↓

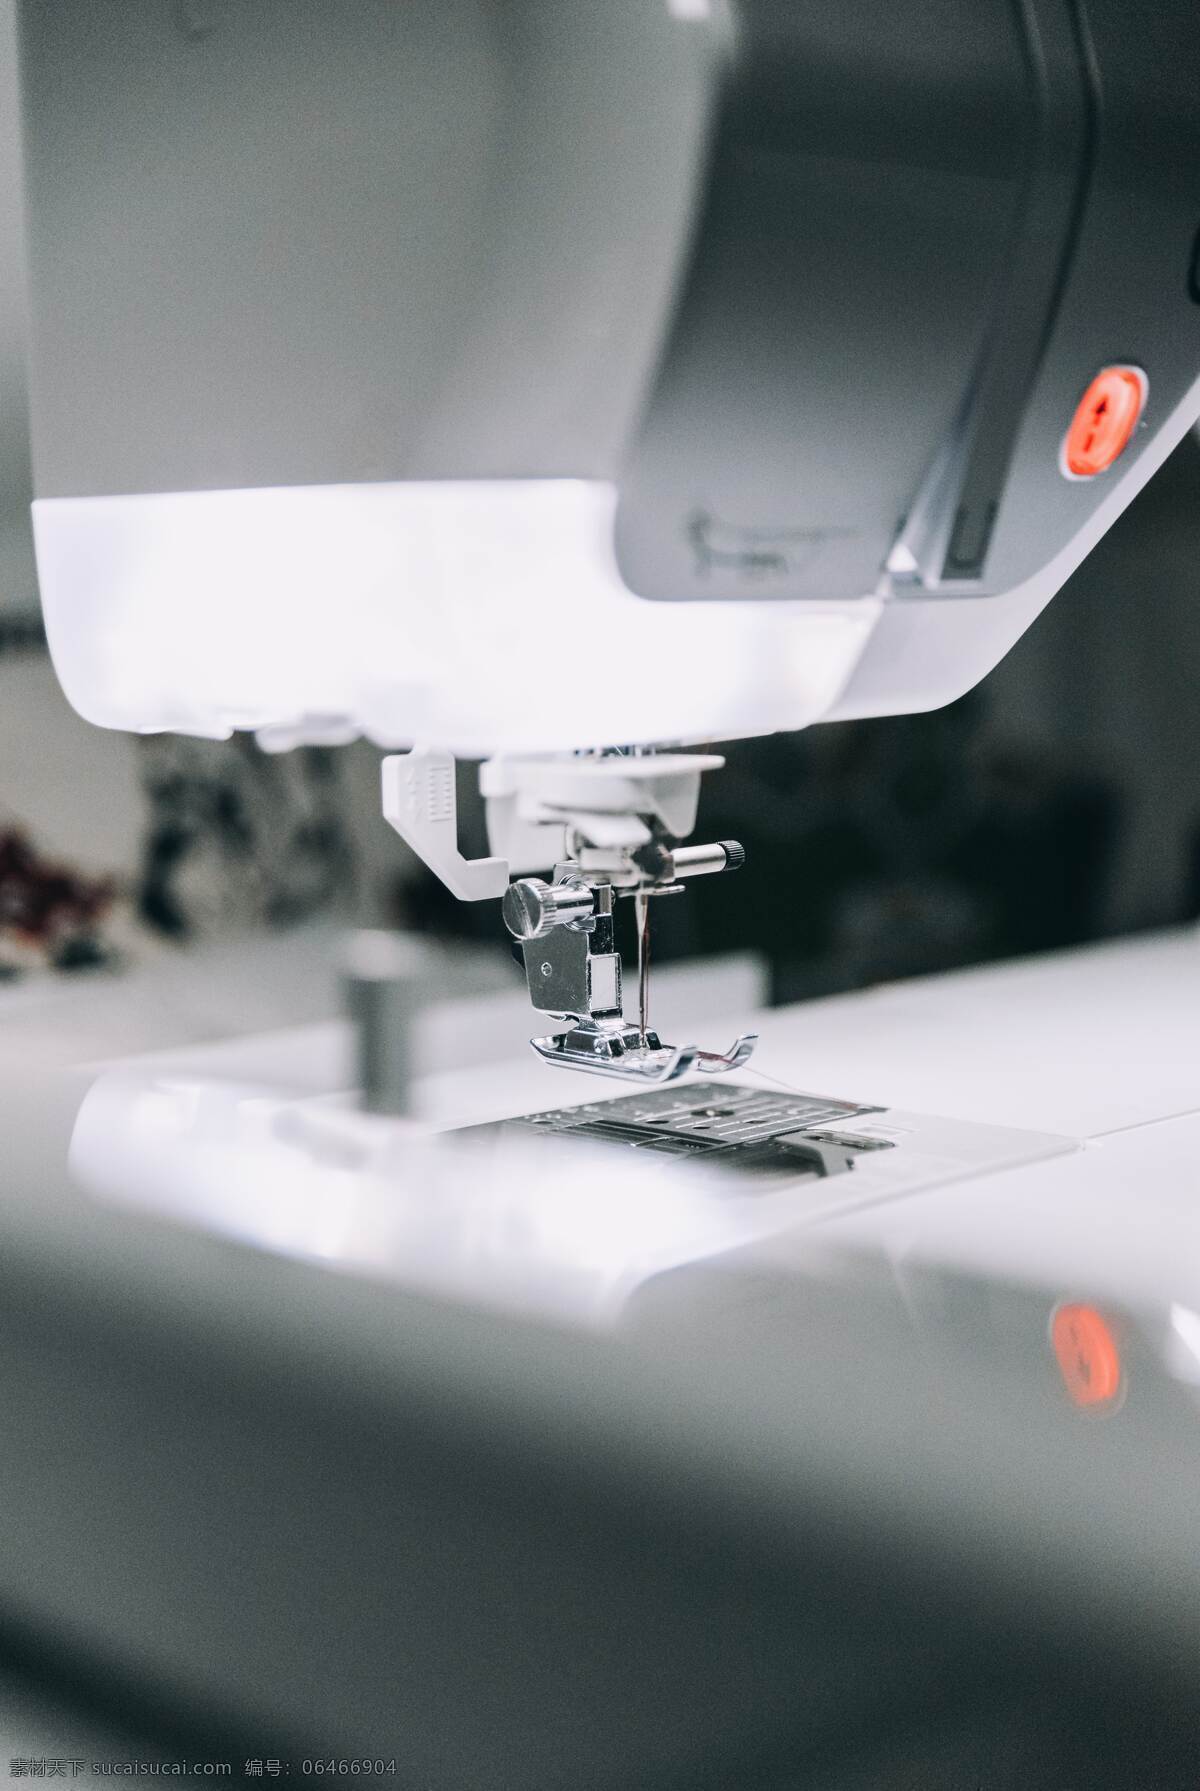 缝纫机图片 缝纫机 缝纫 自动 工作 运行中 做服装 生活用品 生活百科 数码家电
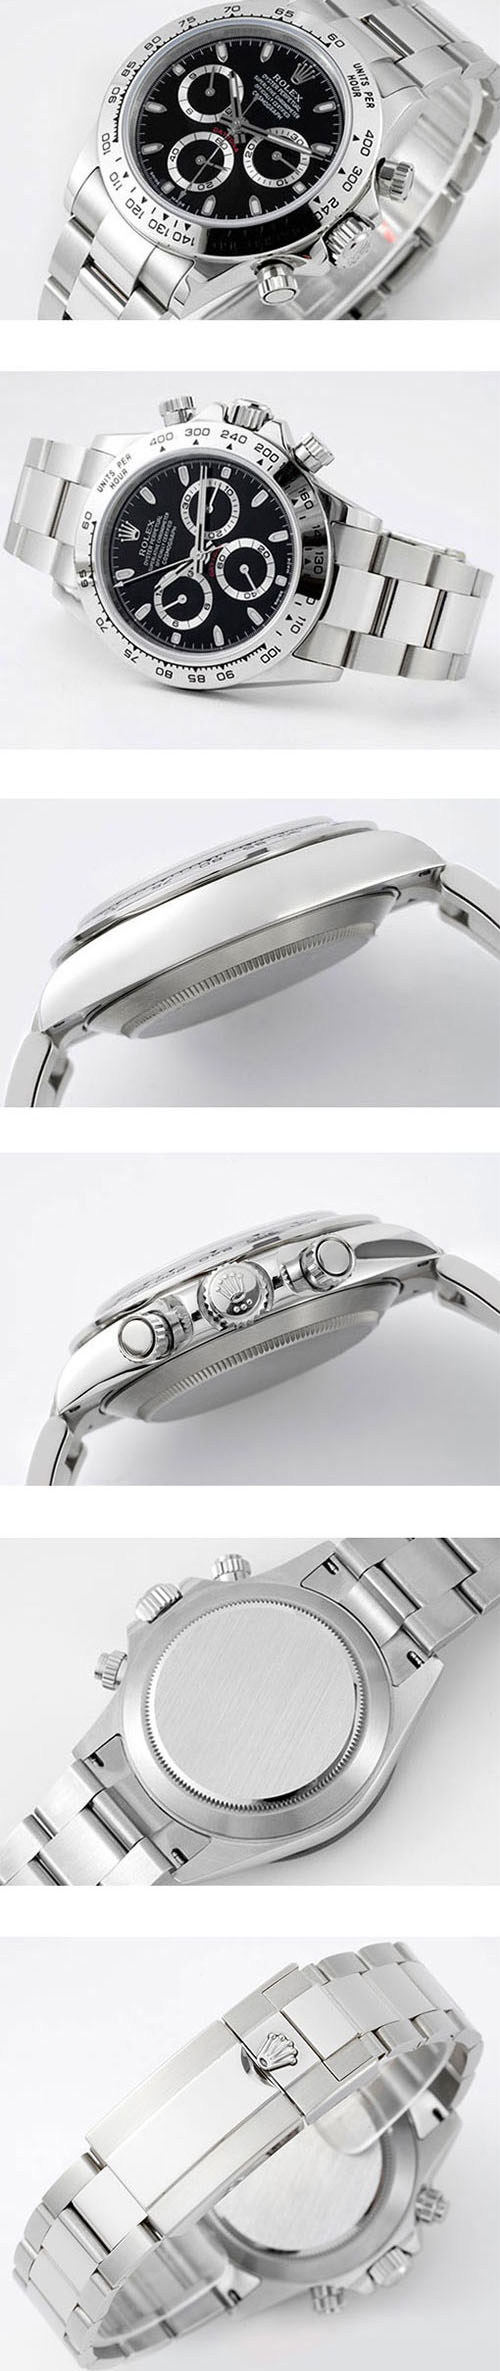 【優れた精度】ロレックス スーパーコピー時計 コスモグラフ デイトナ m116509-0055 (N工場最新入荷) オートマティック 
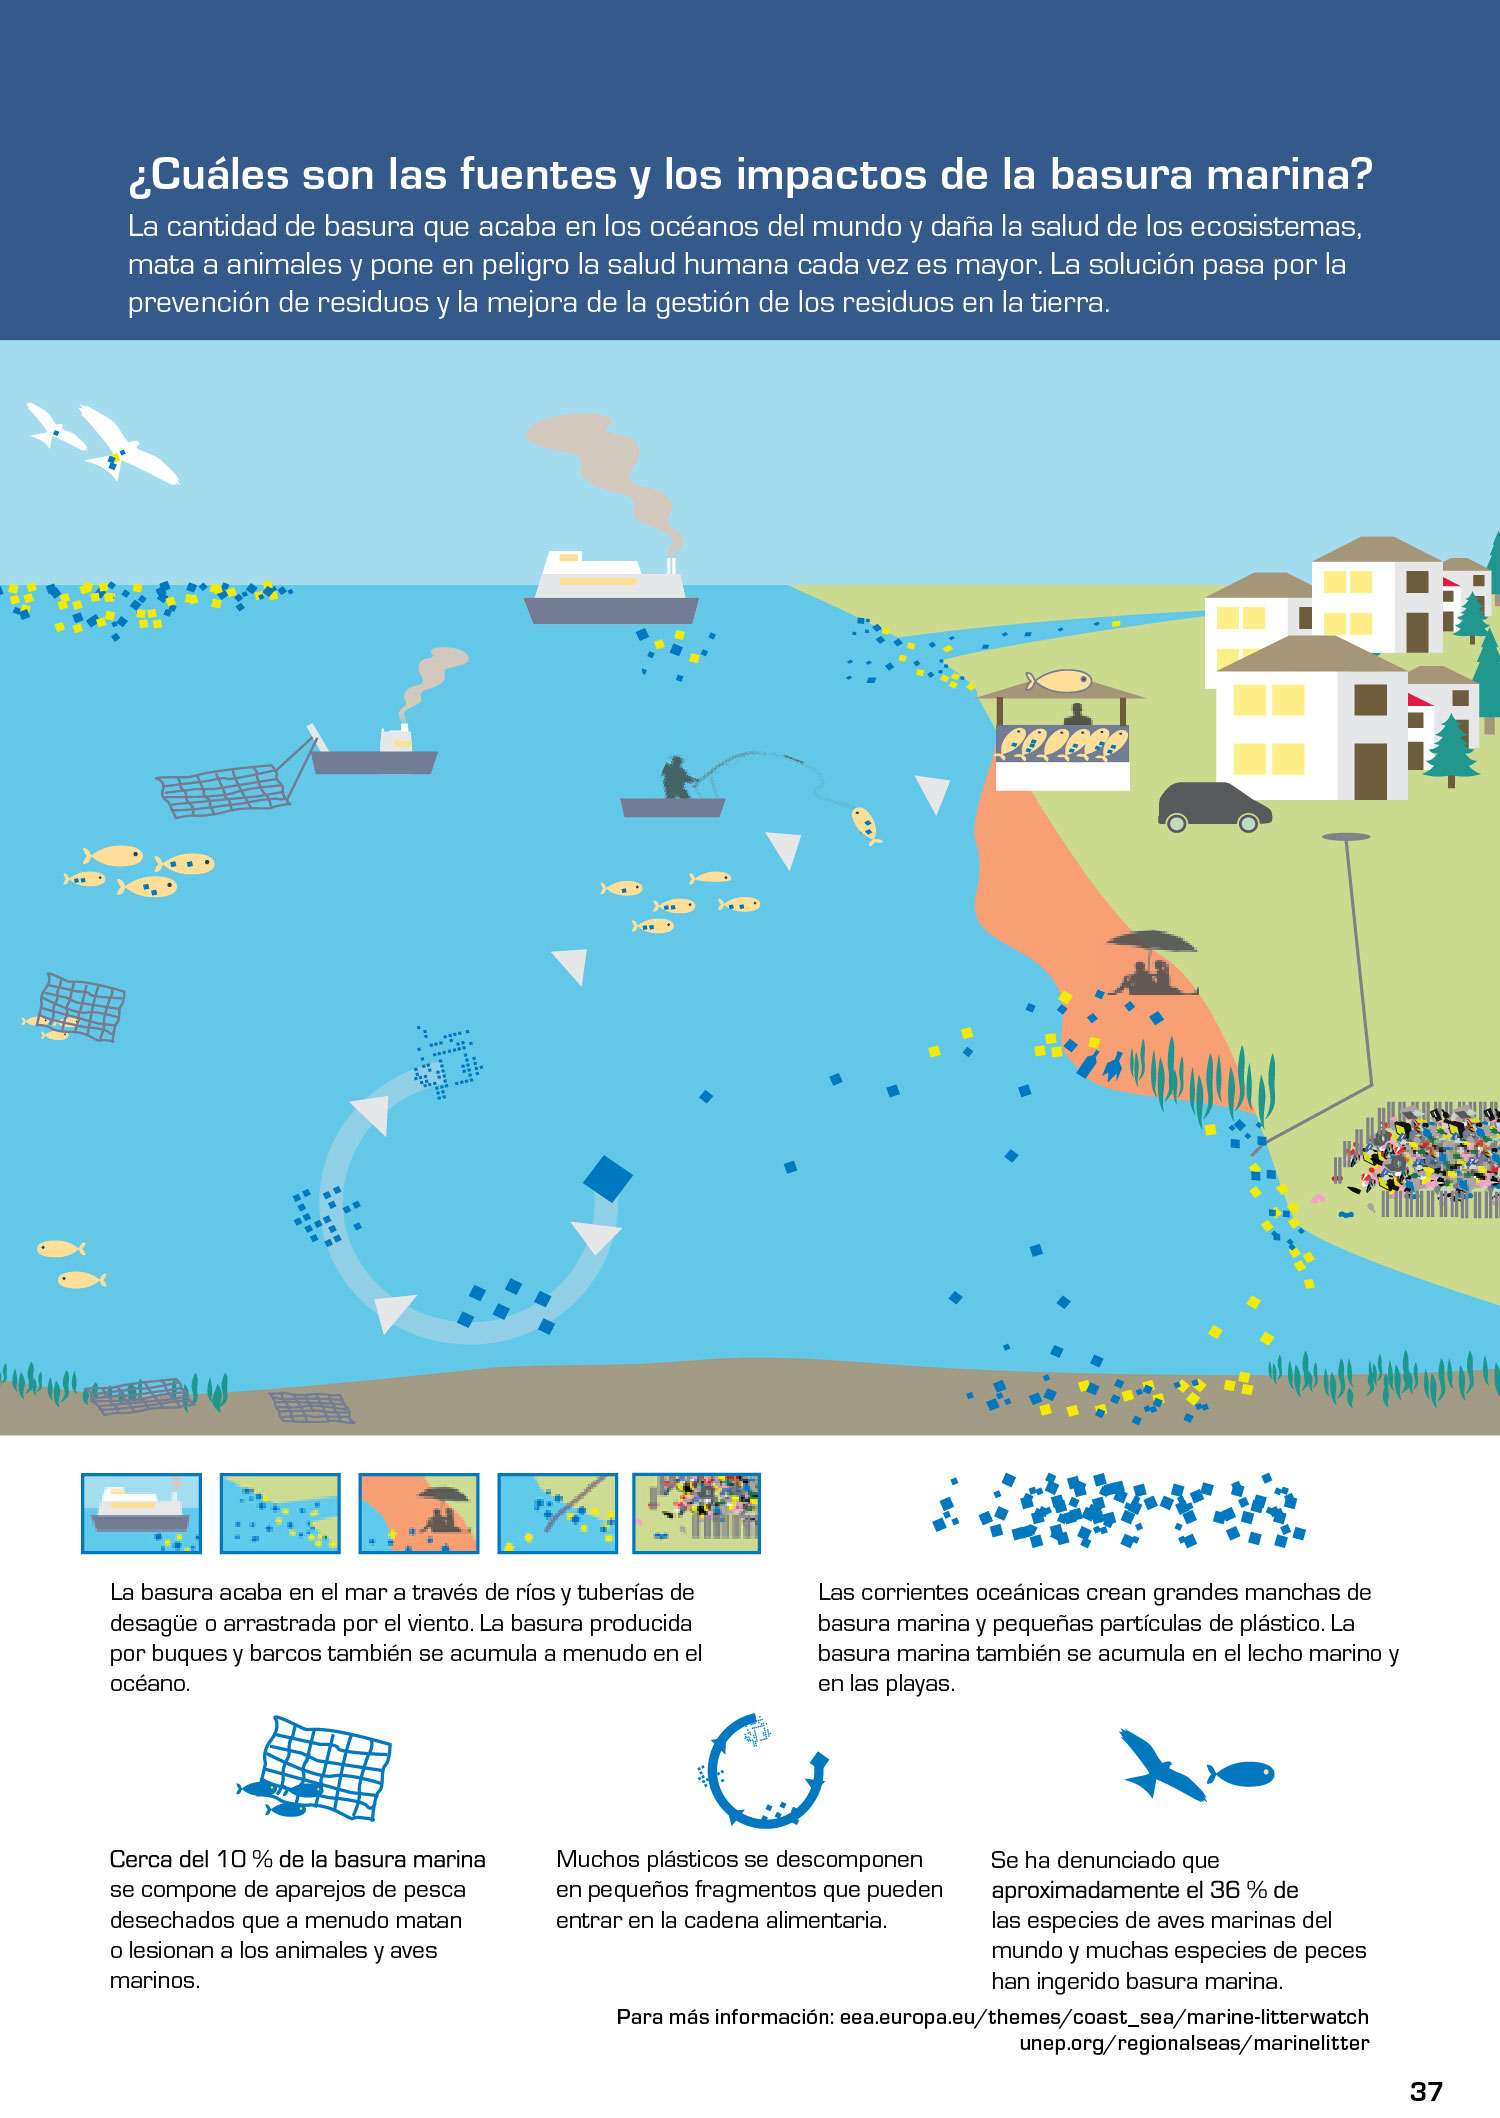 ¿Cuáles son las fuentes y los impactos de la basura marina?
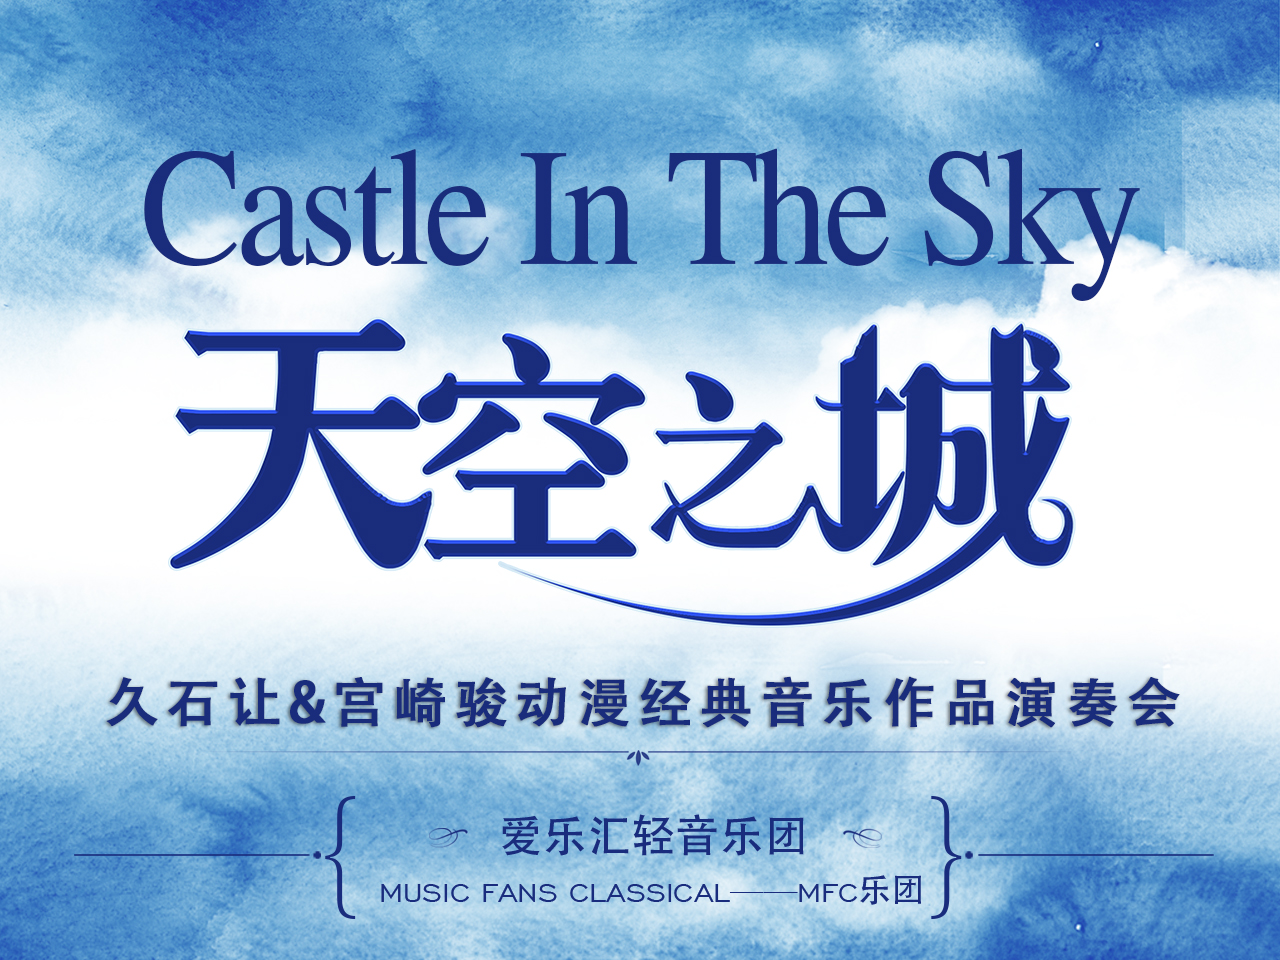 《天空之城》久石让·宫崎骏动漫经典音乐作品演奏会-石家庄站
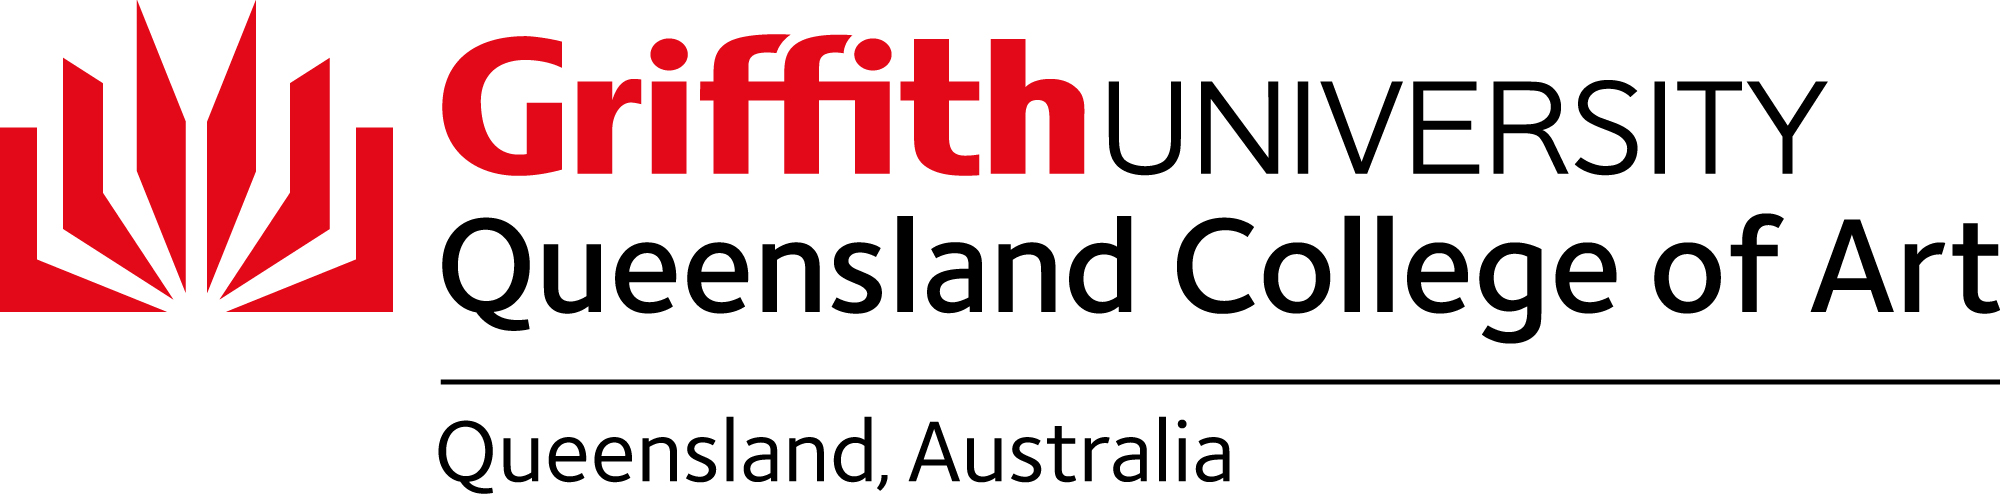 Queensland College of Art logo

↑

▶ [Your instructions] The whole listing is to be written out exactly; the pictures stay out of the copy.

▶ [Written reply]
 缝纫机图片 缝纫机 缝纫 自动 工作 运行中 做服装 生活用品 生活百科 数码家电
 【優れた精度】ロレックス スーパーコピー時計 コスモグラフ デイトナ m116509-0055 (N工場最新入荷) オートマティック 
 ¿Cuáles son las fuentes y los impactos de la basura marina?
 《天空之城》久石让·宫崎骏动漫经典音乐作品演奏会-石家庄站
 Queensland College of Art logo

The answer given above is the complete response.